Wednesday, June 4, 2014

Lula's Granola

AHHH summertime. Hikes, swimming, riding bikes, playing tag, sliding down slides, treasure hunts and leaping thru the sprinkler all before noon... 
I need all the energy I can get to keep up with our active and inquisitive little girl. 
She is always bouncing..literally..ALWAYS! She's like that Tiger that's friends with the fluffy little bear. Springs in her feet and excitement about everything. 
So, to keep up the best I can I try to give my body all it needs to be nourished and healthy. One way I do this is to keep this amazing granola in the house. It is great for breakfast, as a snack, or to take along for those wonderfully busy summer days. It is packed with everything sunny and bright, just like our little girl who's name it shares. Lula. She has given it a gold star..I hope you enjoy it too!

 
Ingredients: 

1/4 Cup Tri-colored Quinoa 
3 Cups Organic Gluten Free Oats (plus 1/8 Cup you add to the finished dish)  
3 Tablespoons Flax Seeds
1/2 Cup Raw Almonds 
1/2 Cup Raw Pumpkin Seeds
1/2 Cup Chopped Pecans 
1/4 Cup Organic Sunflower Seeds
1/2 Cup Organic Rasins 
1/2 Cup Dried Cranberries 
1 teaspoon Cinnamon 
1/4 teaspoon Tumeric 
1 Tablespoon Unsweetned Cocoa Powder  (or Carob powder)
1 Tablespoon Teff Flour 
Pinch of Kosher Salt 

1/4 Cup Coconut Oil
1/4 Cup Organic No Sugar added Peanut Butter
1/4 Cup plus 1 Tablespoon Organic Wildflower Honey
1/2 Teaspoon Organic Madagascar Vanilla 
2 teaspoons Coconut Sugar 

Directions:
In a large bowl combine the first 14 ingredients ( leaving out the 1/8 cup oats for the finished granola) 
Stir well to combine. 

In a small bowl combine the Peanut Butter and Coconut oil. Warm in microwave for 10 seconds or until just melted. To the Coconut Oil mixture add the honey and vanilla, Stir. Pour over the dry ingredients and stir until well combined. 

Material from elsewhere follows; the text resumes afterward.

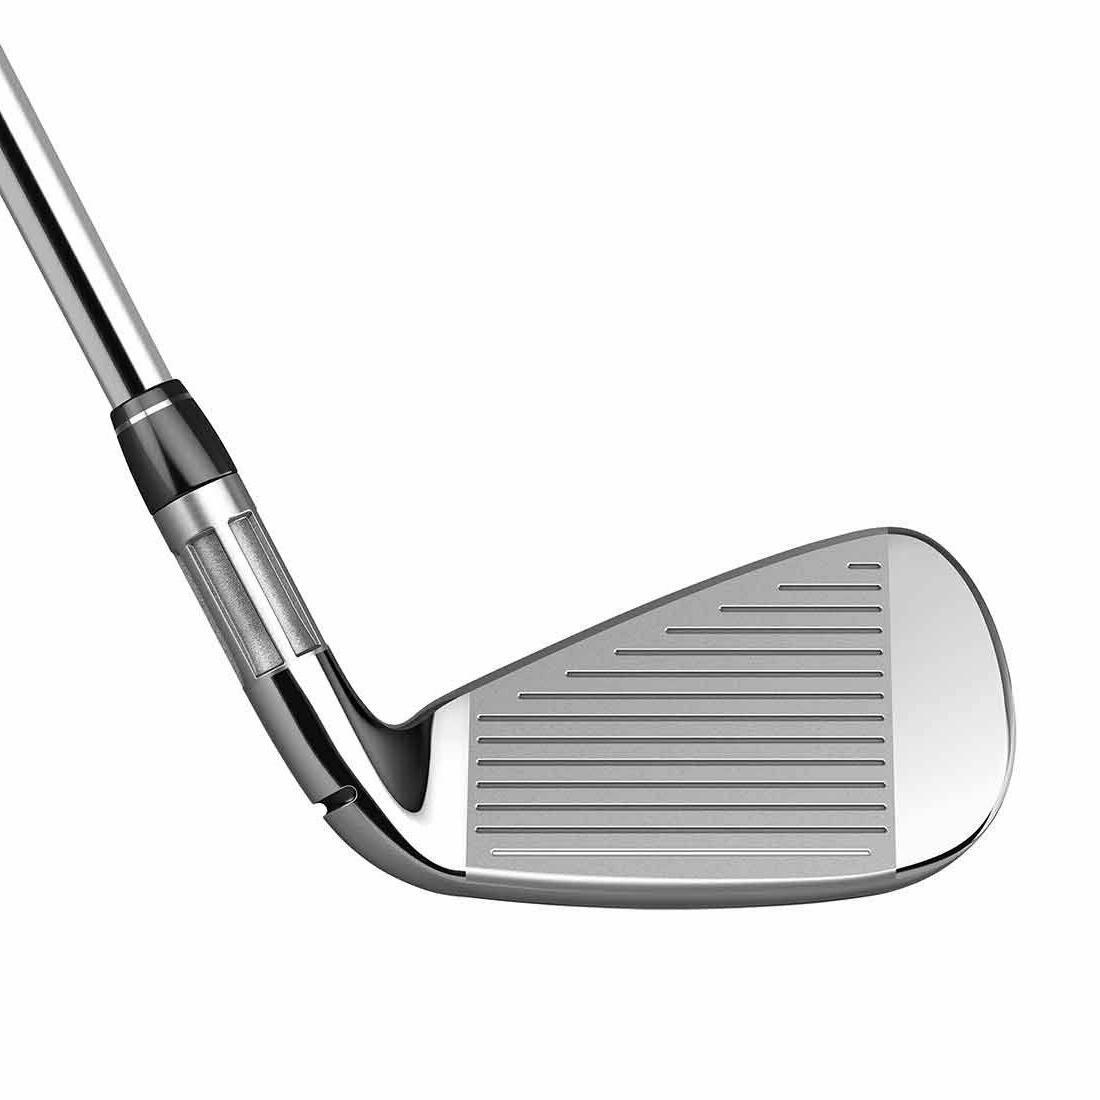 NEW TaylorMade Golf Single Shaft, Flex,

Preheat oven to 325. On a Silpat or parchment lined cookie sheet gently pour the granola mixture and spread out to an even layer. Bake for 20 mins. Turn the heat off on your oven. Remove the cookie tray from oven and carefully stir the granola. Place back into the oven and leave the door ajar. After another 5 mins remove the granola and stir once more. Remove and place cookie sheet on a cooling rack. Let it cool stirring every 10 mins until it is cool to the touch. Sprinkle over the 2 teaspoons of Coconut Sugar and 1/8 Cup reserved Oats. Stir to combine. 

Store in an airtight container. 

Can be packed up as a good "on the go" snack, added to your favorite dairy free yogurt, or simply in a bowl with your favorite milk substitute and fresh fruit. On a chilly day you can add 1/3 Cup of the granola to 1/4 Cup milk Substitue to a bowl, stir and warm in the microwave for 1 minute.